Hal ini kemudian membuat sekelompok masyarakat tersebut tidak datang ke Tempat Pemungutan Suara (TPS).
“Ada beberapa di Kecamatan Bontoala, Kelurahan Layang bahwa awalnya itu mereka didatangi oleh pasukan paslon. Setelah didata ternyata mereka tidak terpenuhi apa yang mereka harapkan. Sehingga mereka tidak menyampaikan hak pilihnya. Karena mereka tidak tersampaikan dia punya keinginan terkait dengan data tersebut seperti itu sehingga mereka tidak datang memilih,” kata Madjid, kepada Sulselekspres.com, setelah memaparkan kondisi partisipasi masyarakat di kecamatan Bontoala dalam rakor evaluasi partisipasi masyarakat dalam pilwali yang digelar oleh Komisi Pemilihan Umum (KPU) Makassar, Minggu (27/12/2020).

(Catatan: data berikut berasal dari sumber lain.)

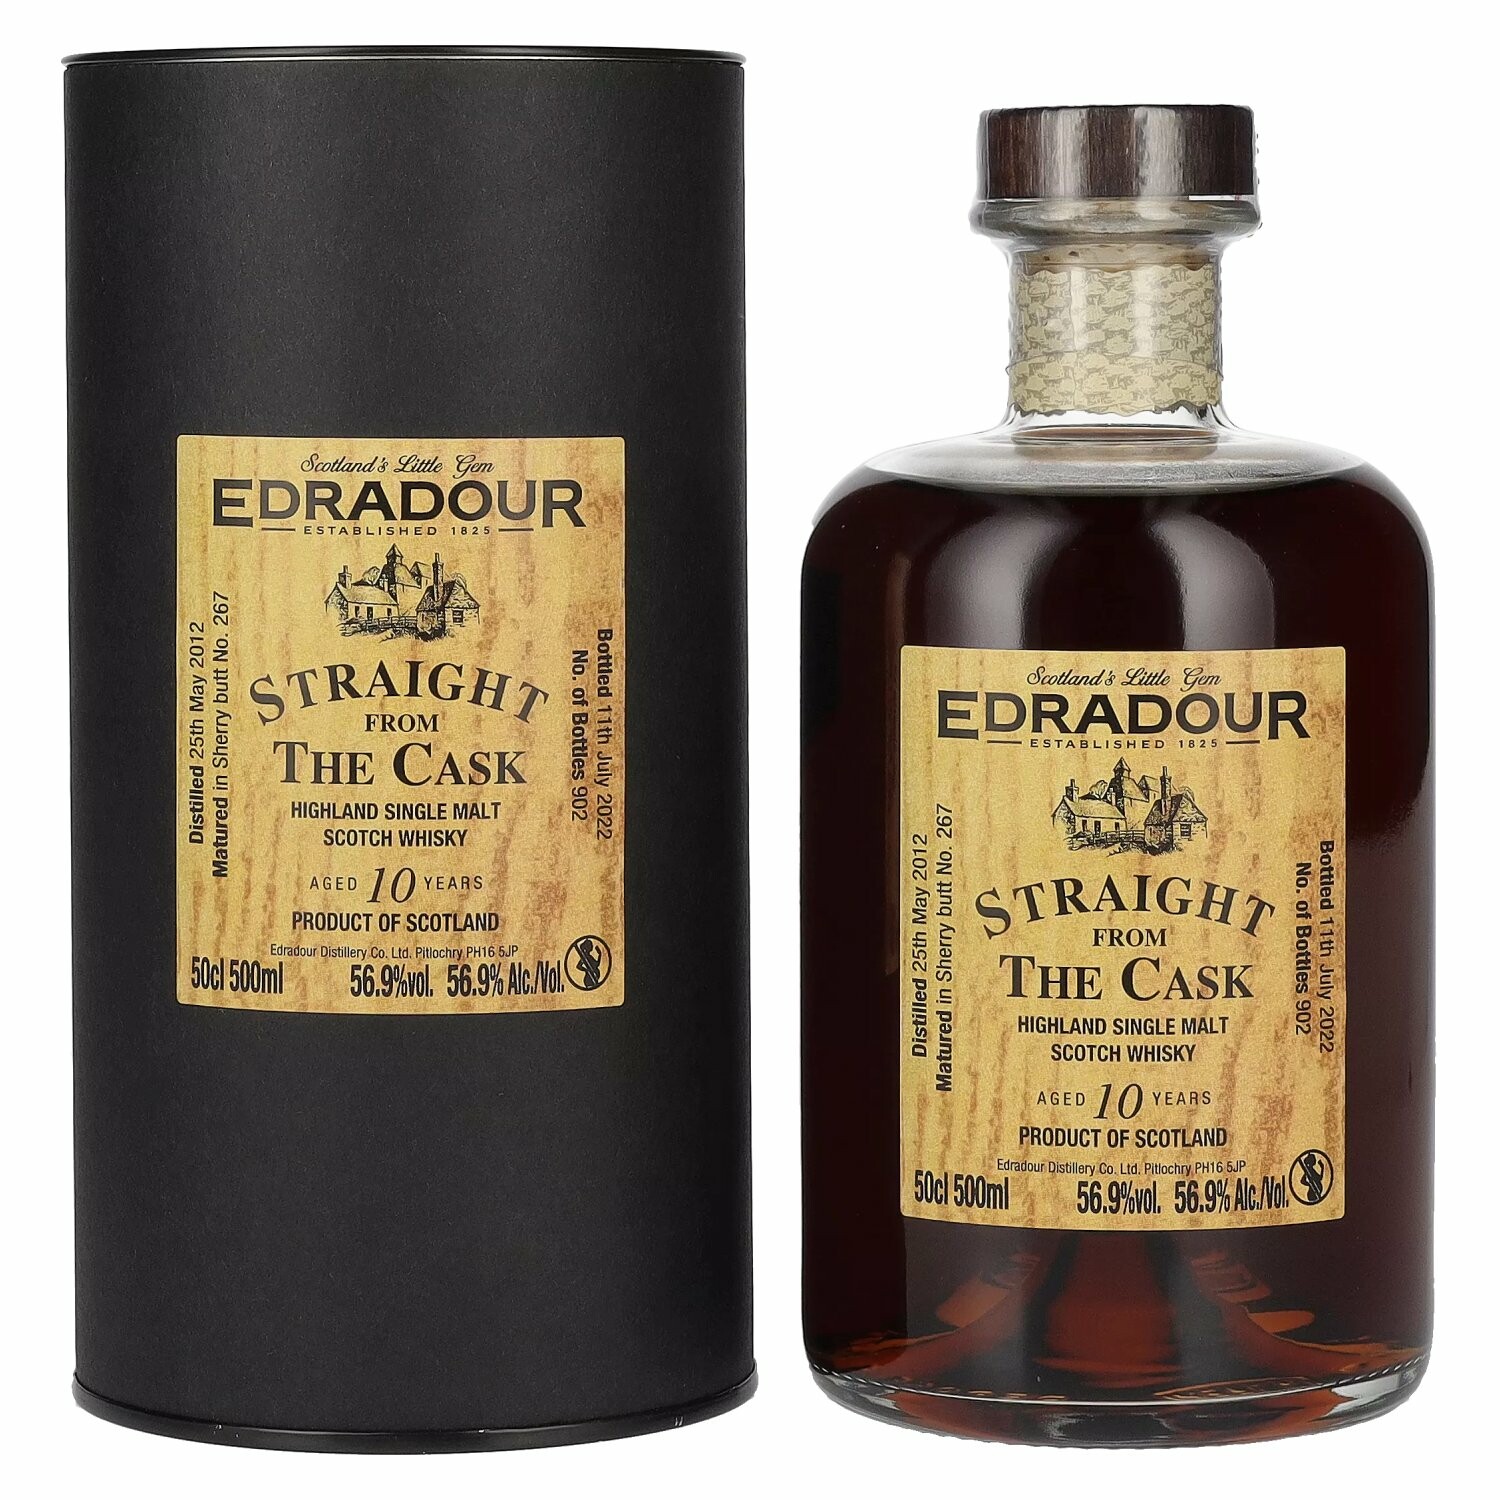 Edradour Ballechin SFTC 10 Years Old Sherry Butt 2012 56,9% Vol. 0,5l in Giftbox

Menurut Madjid, mereka merasa dibohongi. Karena keyakinan yang berkembang di masyarakat selama ini memang selalu diiming-imingi dengan persoalan seperti itu. Oleh sebab itu, sekelompok warga tersebut merasa tidak perlu menggunakan hak pilihnya.
Seperti diketahui berdasarkan yang disampaikan oleh komisioner KPU kota Makassar, dalam rapat koordinasi terkait evaluasi partisipasi masyarakat pada pemilihan walikota dan wakil walikota Makassar tahun 2020, setiap divisi parmas dan divisi teknis memaparkan kondisi partisipasi masyarakat dalam pilwali di setiah kecamatan hingga masing-masing kelurahan.
“Jadi kegiatan ini kita sedang melakukan evaluasi partisipasi masyarakat pada pilwali makassar 2020. Kita lakukan evaluasi ini dengan mengundang divisi parmas dan kemudian kami mengundang divisi teknis karena memang kerjanya beririsan kemarin terkait angka partisipasi pemilih. kami meminta kepada setiap kecamatan untuk mempresentasikan kenapa target partisipasi di wilayahnya kemudian tidak sampai dan itu diurai sampai setiap kelurahan,” jelas Endang.